Ed è a questo punto che il quarantenne postmoderno mostra già i dolori della vecchiaia e anzi i rantoli della fine. Ci siamo accorti in fretta che prendere tutto con superficiale e giocosa ironia non funziona, che di decostruzione in decostruzione stiamo riempiendo le nostre esistenze di macerie, che sono scomode e, se viene il freddo di una crisi, non ti riparano. La ricetta? Bisogna «ritornare alla verità e ai valori», dicono. Autorevoli analisti affermano che il postmoderno sta dunque per essere sostituito da una nuova era, quella dell’autenticità. Autentico, come dice il dizionario, significa proprio «rispondente alla verità». C’è, dunque, una verità dell’io, non è tutto un gioco superficiale e senza neppure una vittoria e un premio finali.

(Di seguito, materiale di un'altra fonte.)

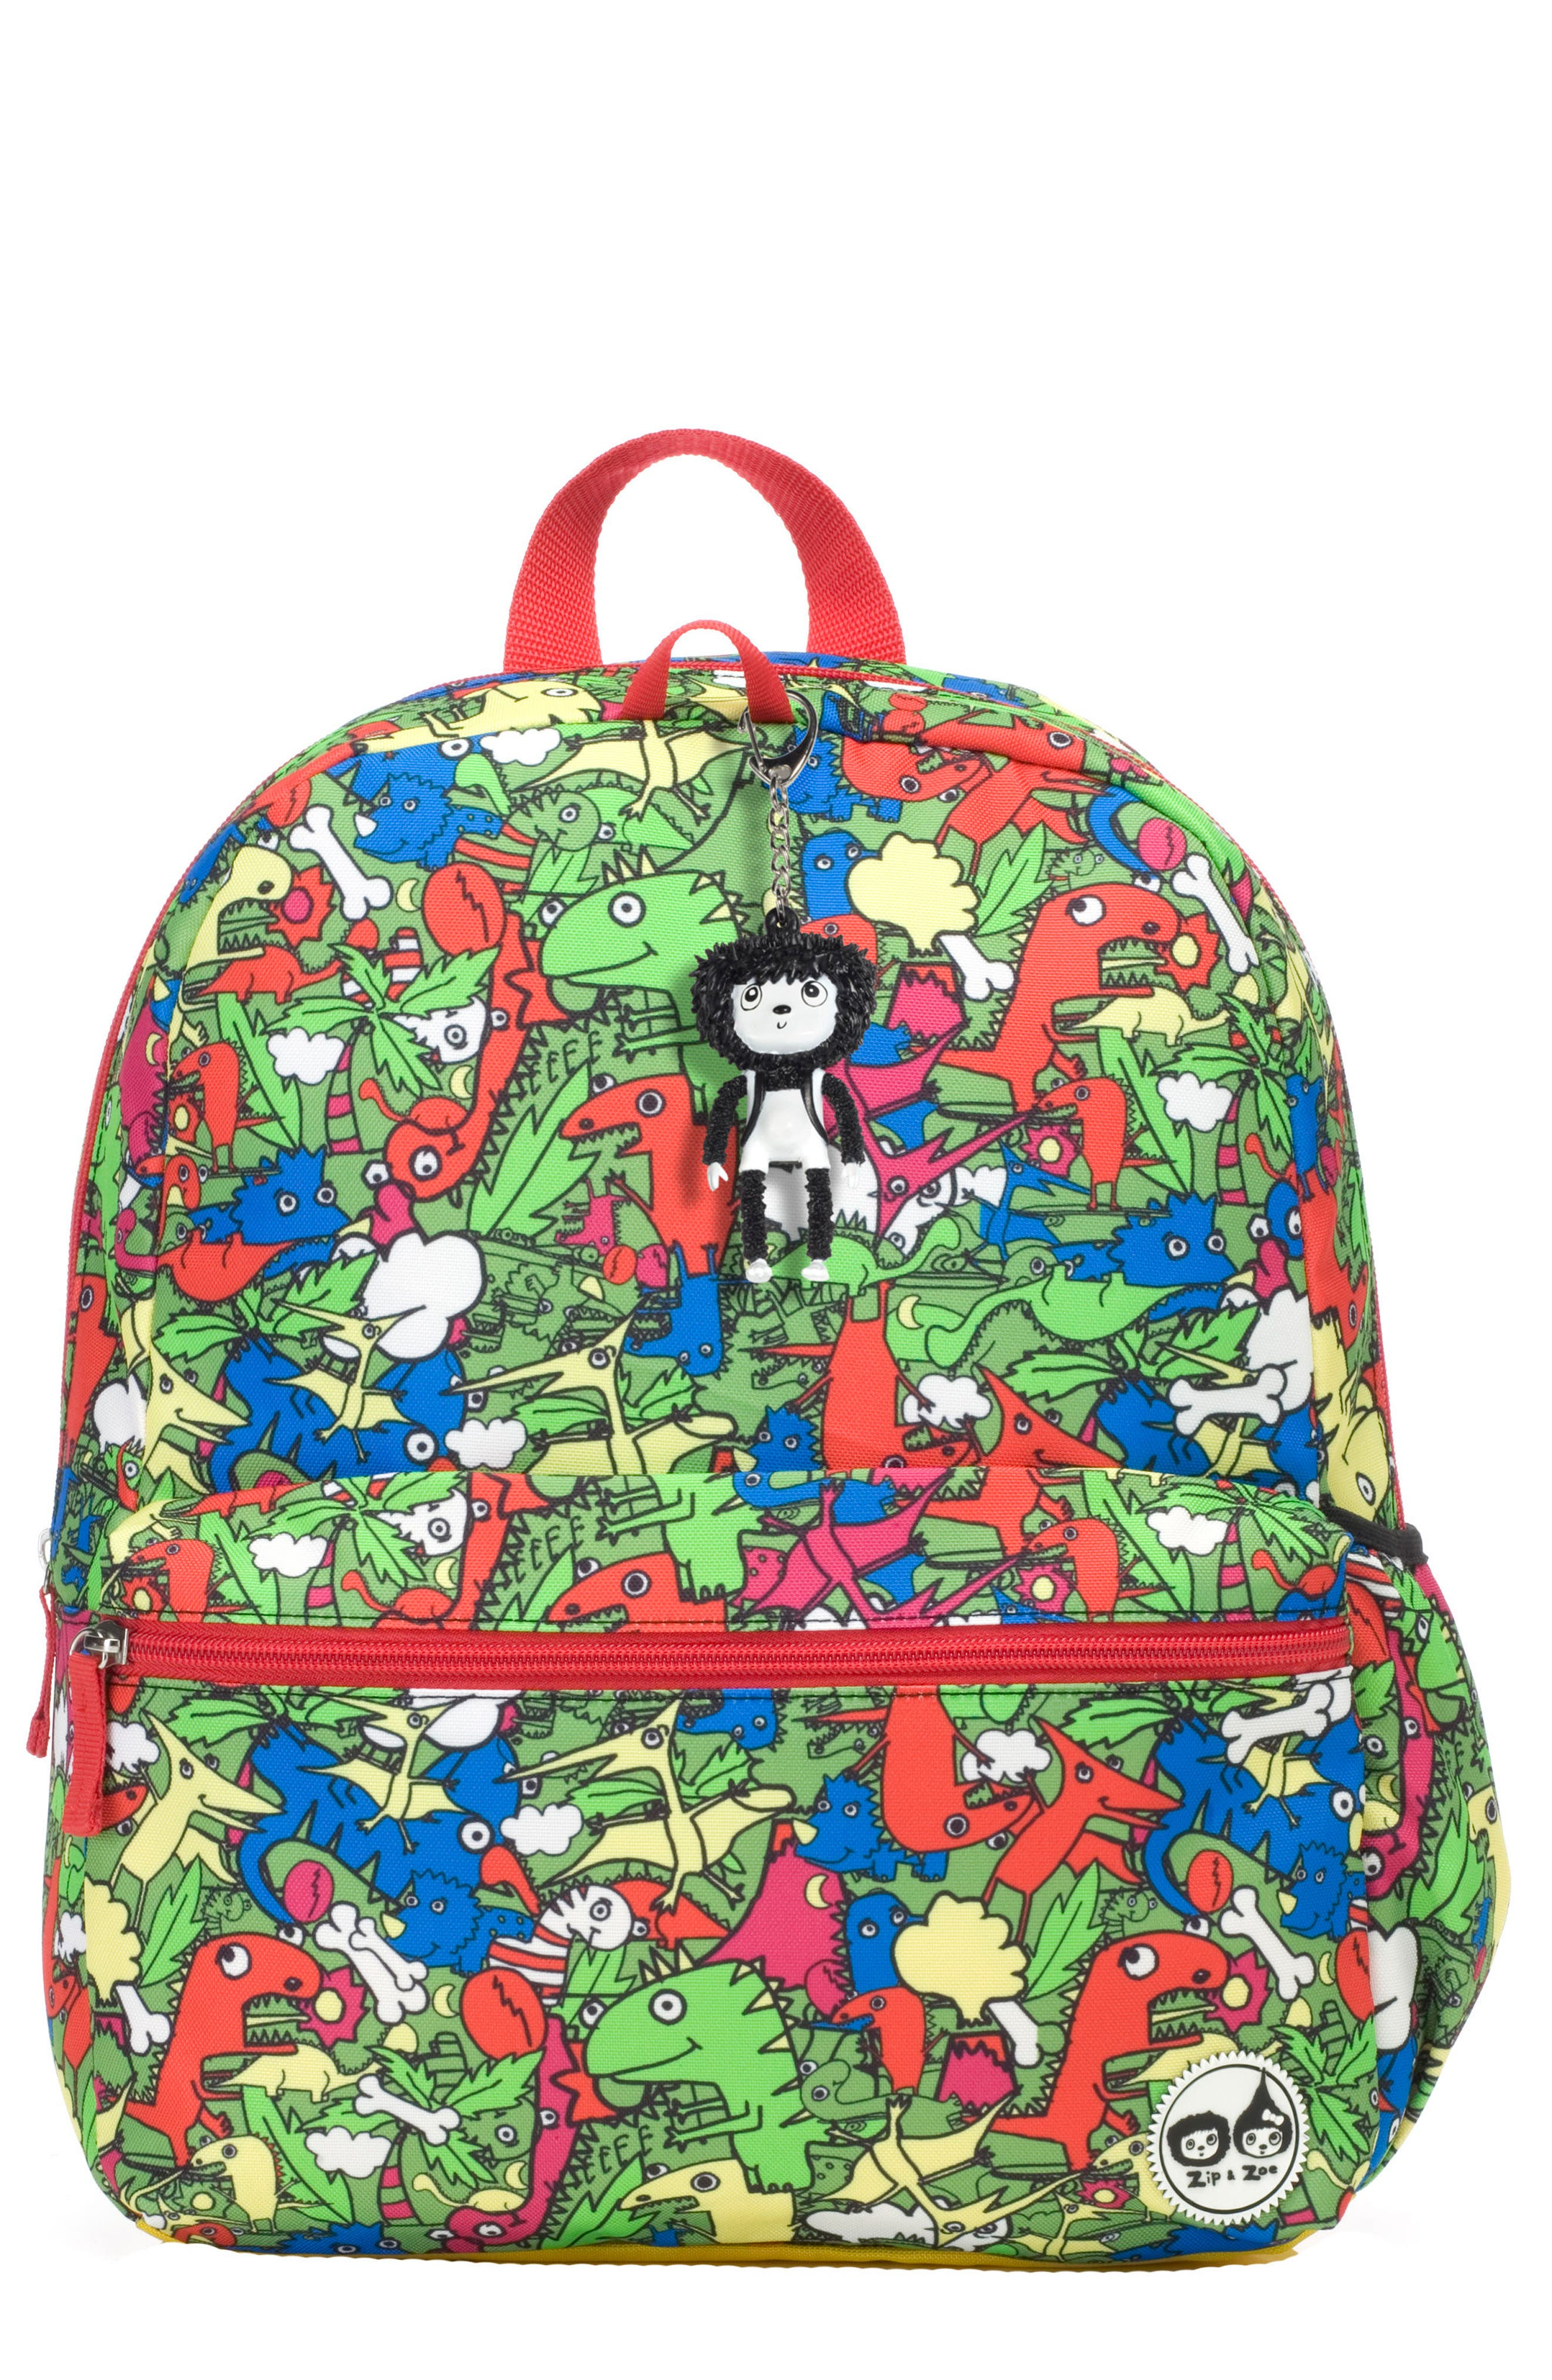 Zip & Zoe Dino Junior Backpack,                             Main thumbnail 1, color,                             DINO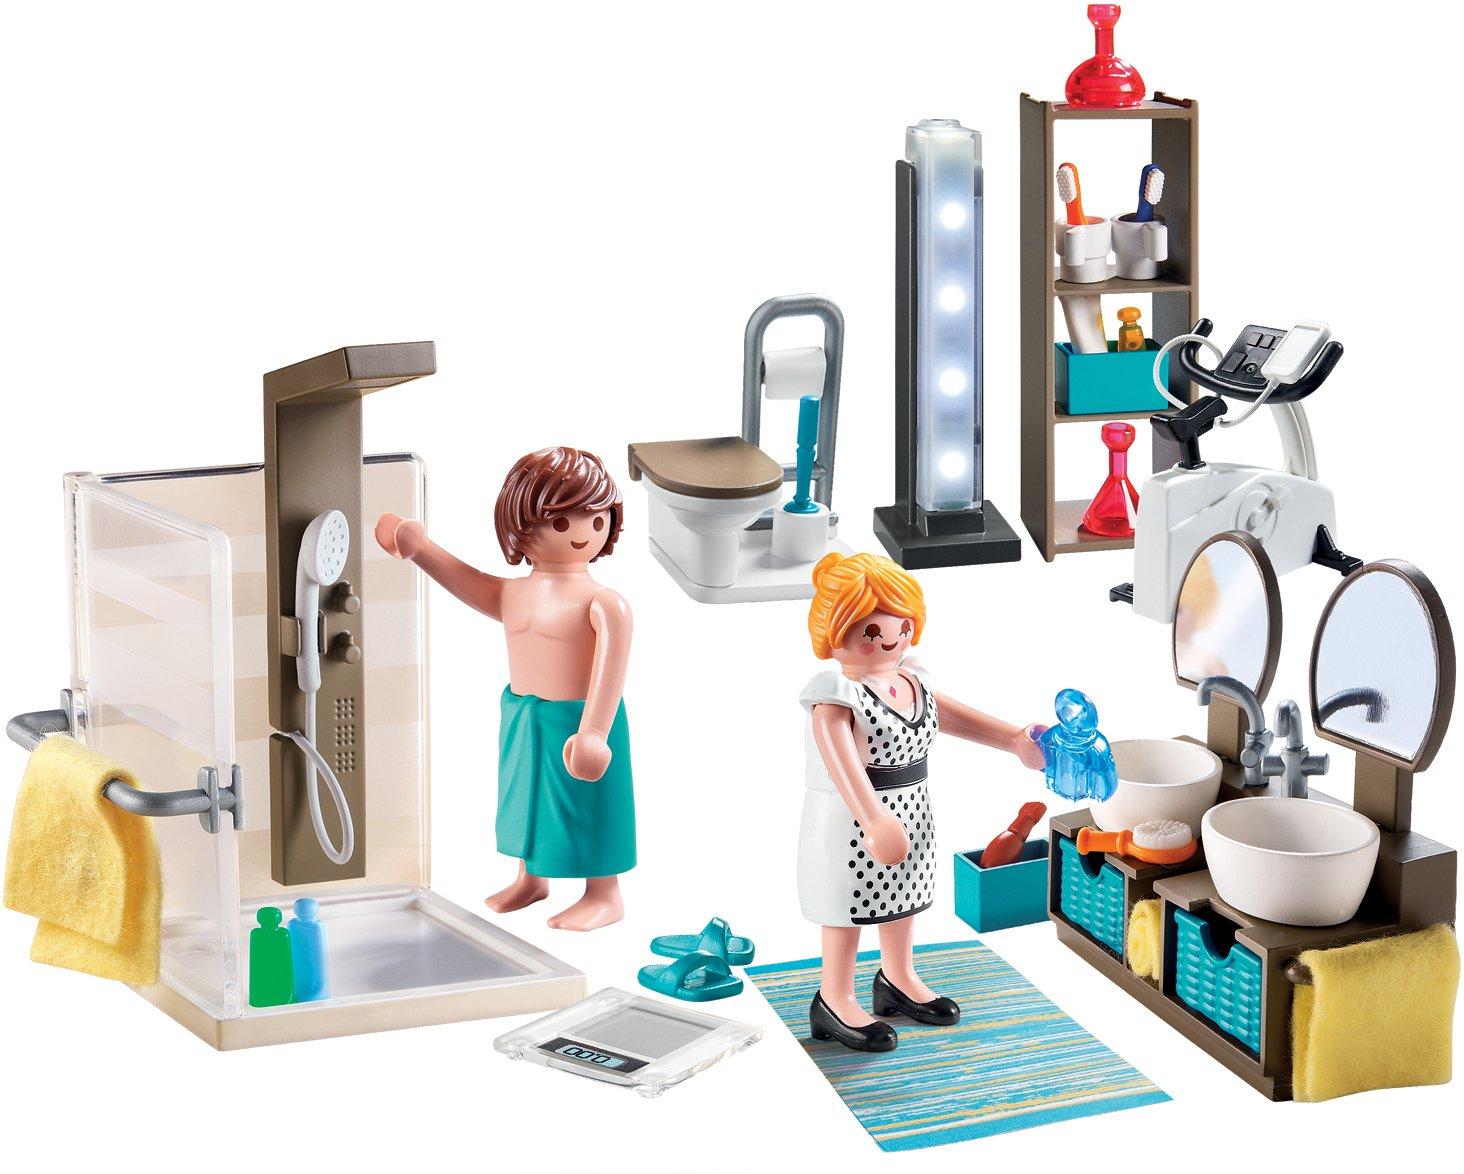 Playmobil 9268 City Life - Bathroom: Amazon.co.uk: Toys & Games

Ma attenzione, la verità dell’io non è che egli sia autentico. In greco la parola «autentico» deriva da un verbo che indica potere assoluto, piena autorità; l’autenticità sarebbe, quindi, la detenzione della suprema e non vincolata da niente potestà su se stessi. Allora, l’«era dell’autenticità» non porterebbe altro che un ritorno all’inizio dell’epoca moderna, alla celebrazione dell’uomo e delle sue capacità come indipendenti e autonome. Ma se c’è una cosa chiara è che l’uomo non è veramente padrone di se stesso, come ben sapevano il medioevo e tutte le civiltà religiose.

Soltanto superando il dogma della autonomia e aprendosi alla dimensione religiosa, cioè alla originaria dipendenza, il post postmoderno non produrrà un’era ancora più confusa di quella oltre la quale vuol andare.

A meno che tutta questa insistenza sull’autenticità non nasconda un’insidia peggiore. Sempre secondo il dizionario, autentico significa anche rispondente alla validità, cioè alla norma, agli schemi, alle definizioni che qualcuno ha codificato e a cui, per essere autentico, io devo adeguarmi, come un documento che ha tutti i timbri a posto. E quel qualcuno è certamente un potere che ha bisogno di «autentici» servi.